Combinatorics Pigeonhole problem
Let $a_1$ be the number of combinatorics problems solved on the first day, $a_2$ be the total number of combinatorics problems solved on the first and second days, and so on. The sequence of numbers $a_1,a_2,...,a_{365}$ is an increasing sequence since each term of the sequence is larger than the one that precedes it and at least one combinatorics problem is solved each day. Since he solves no more than $500$ combinatorics problems for the year we know that $1\leq a_1\leq a_2\leq \cdots \leq a_{365}\leq 500$. The sequence $a_1+229$, $a_2+229$, and so on is also an increasing sequence. So $230\leq a_1+229\leq a_2+229\leq \cdots \leq a_{365}+229 \leq 729$. Each of the $730$ numbers, that is $a_1,a_2,...,a_1+229+a_2+229,...$ is an integer between $1$ and $729$. It follows that two of them are equal since no two of the numbers $a_1,a_2,...$ are equal and no two of the numbers $a_1+229,a_2+229,...$ are equal. There must exist an $i$ and a $j$ such that $a_i=a_j+229$. Thus on days $j+1$, $j+2$,..., $i$ there exists consecutive days when the student solves $229$ combinatorics problems.
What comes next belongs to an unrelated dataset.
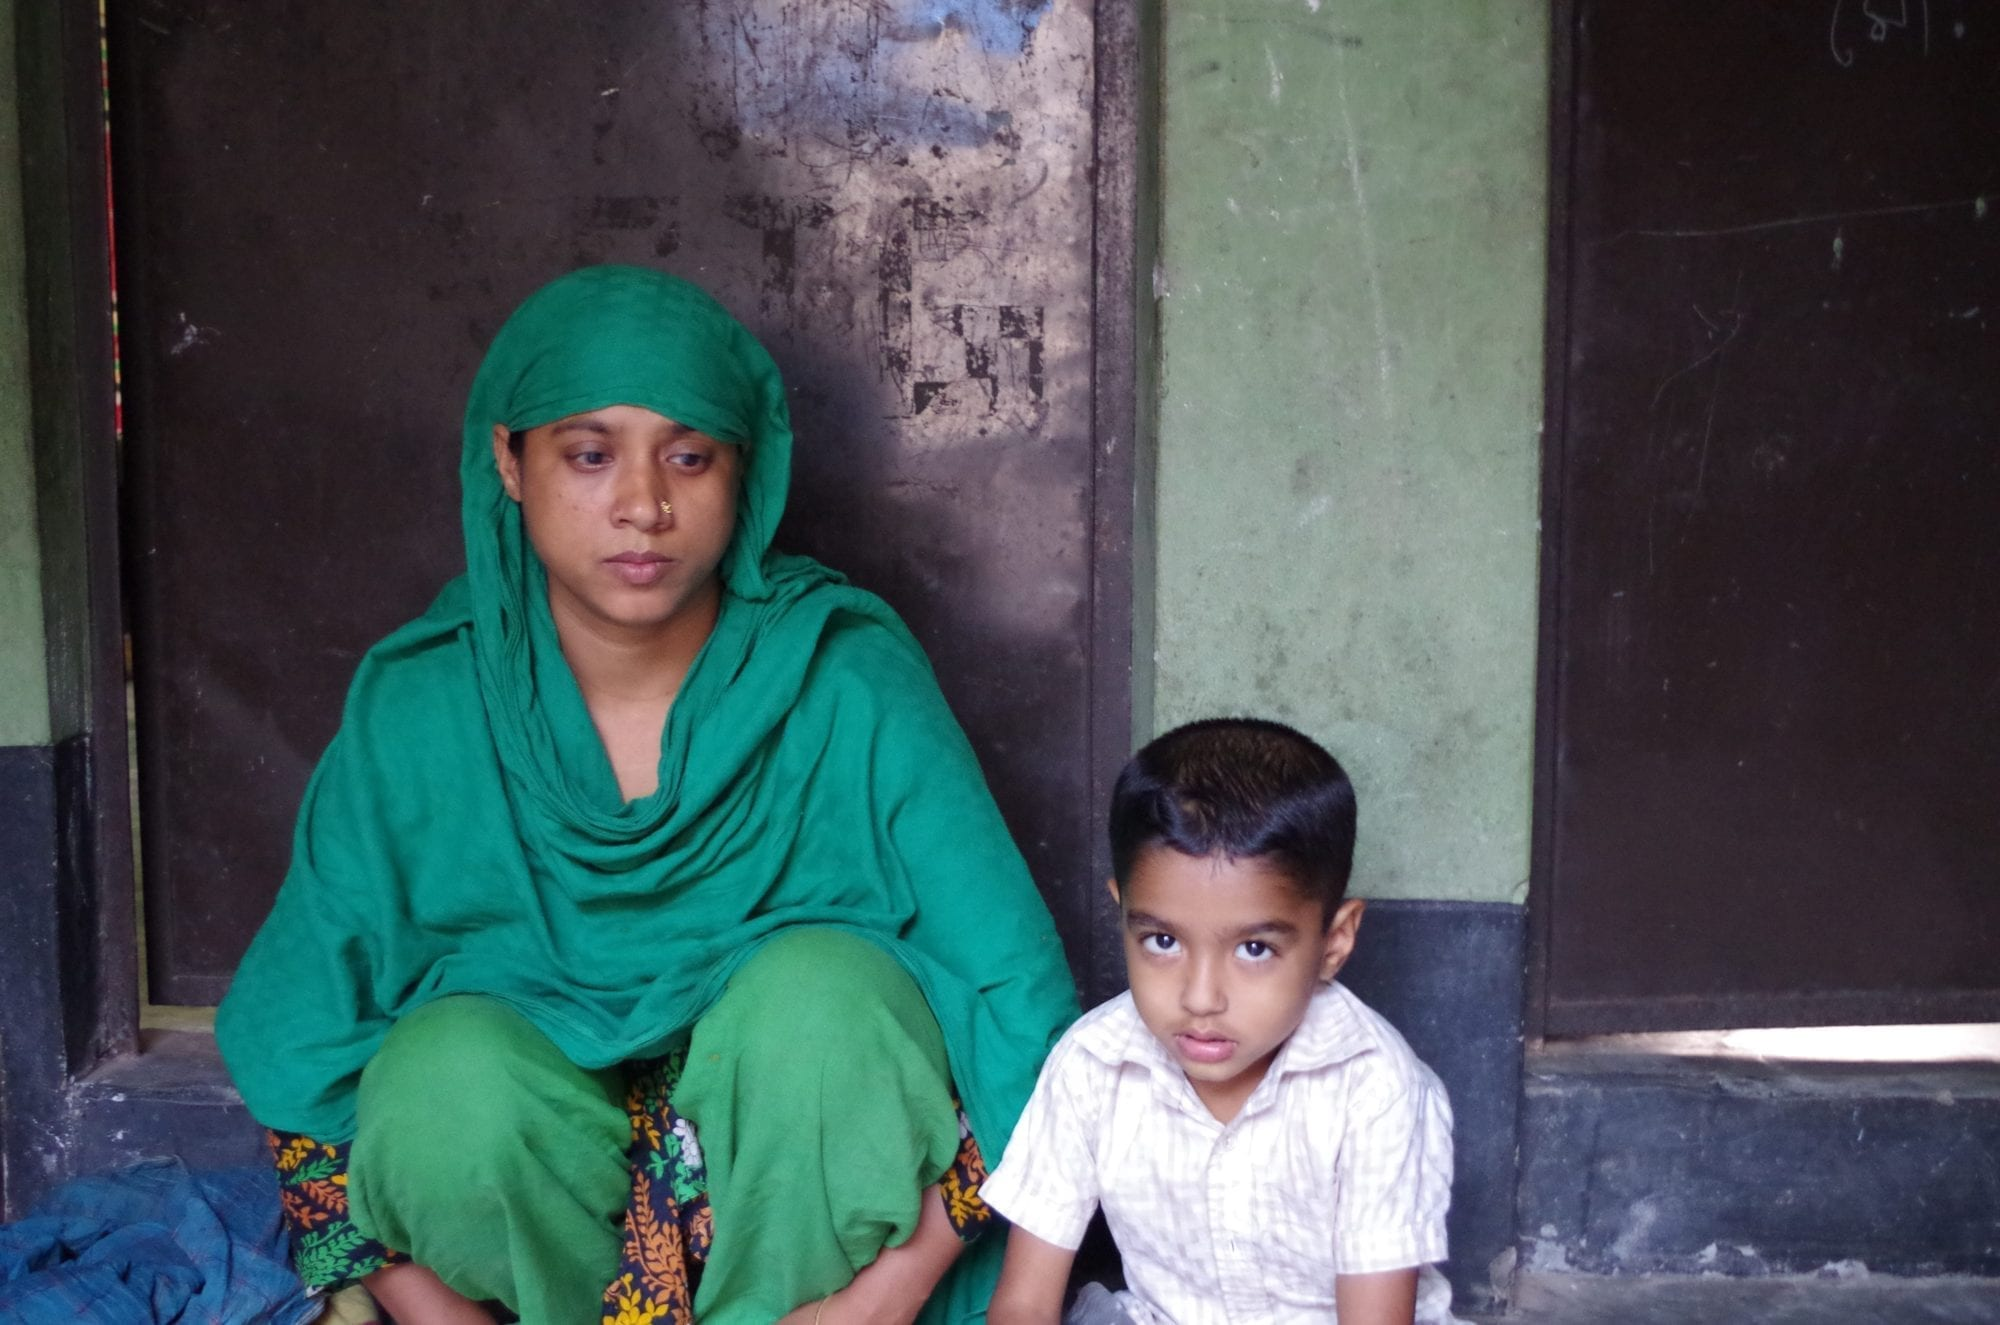 Bangladesh, Tazreen, fire safety, garment worker, Solidarity Center

Lets consider partial sums. $A(x)$ is a sum of problems after $x$ days. Now what is the remainder of $A(x)$ divided by $229$? $A(x)$ changes as days go by, there are only $229$ possible remainders and $365$ days - so there must be two days $x$ and $y$, where $A(x)$ and $A(y)$ have the same remainder. $A(x)$ and $A(y)$ represent sums of problems of two overlapping periods. $A(x)$ is the larger period (you can assume this). $A(x)-A(y)$ is divisible by 229 and is positive. $A(x)-A(y)$ also represents a sum of problems of a certain period (since the two periods are overlapping, just take the larger period and disregard the part of the larger period that is the smaller period.
In any $55$ days he must have solved at least $55$ problems, therefore in $310$ days he must have solved at most $500-55=445$ problems which is less than $458$. There are only $229$ remainders, but $310$ days therefore in the $310$ days, there must be two days $x$ and $y$ such that $A(x)-A(y)$ is divisible by $229$, we also know that it is smaller than $458$, therefore it has to be equal to $229$.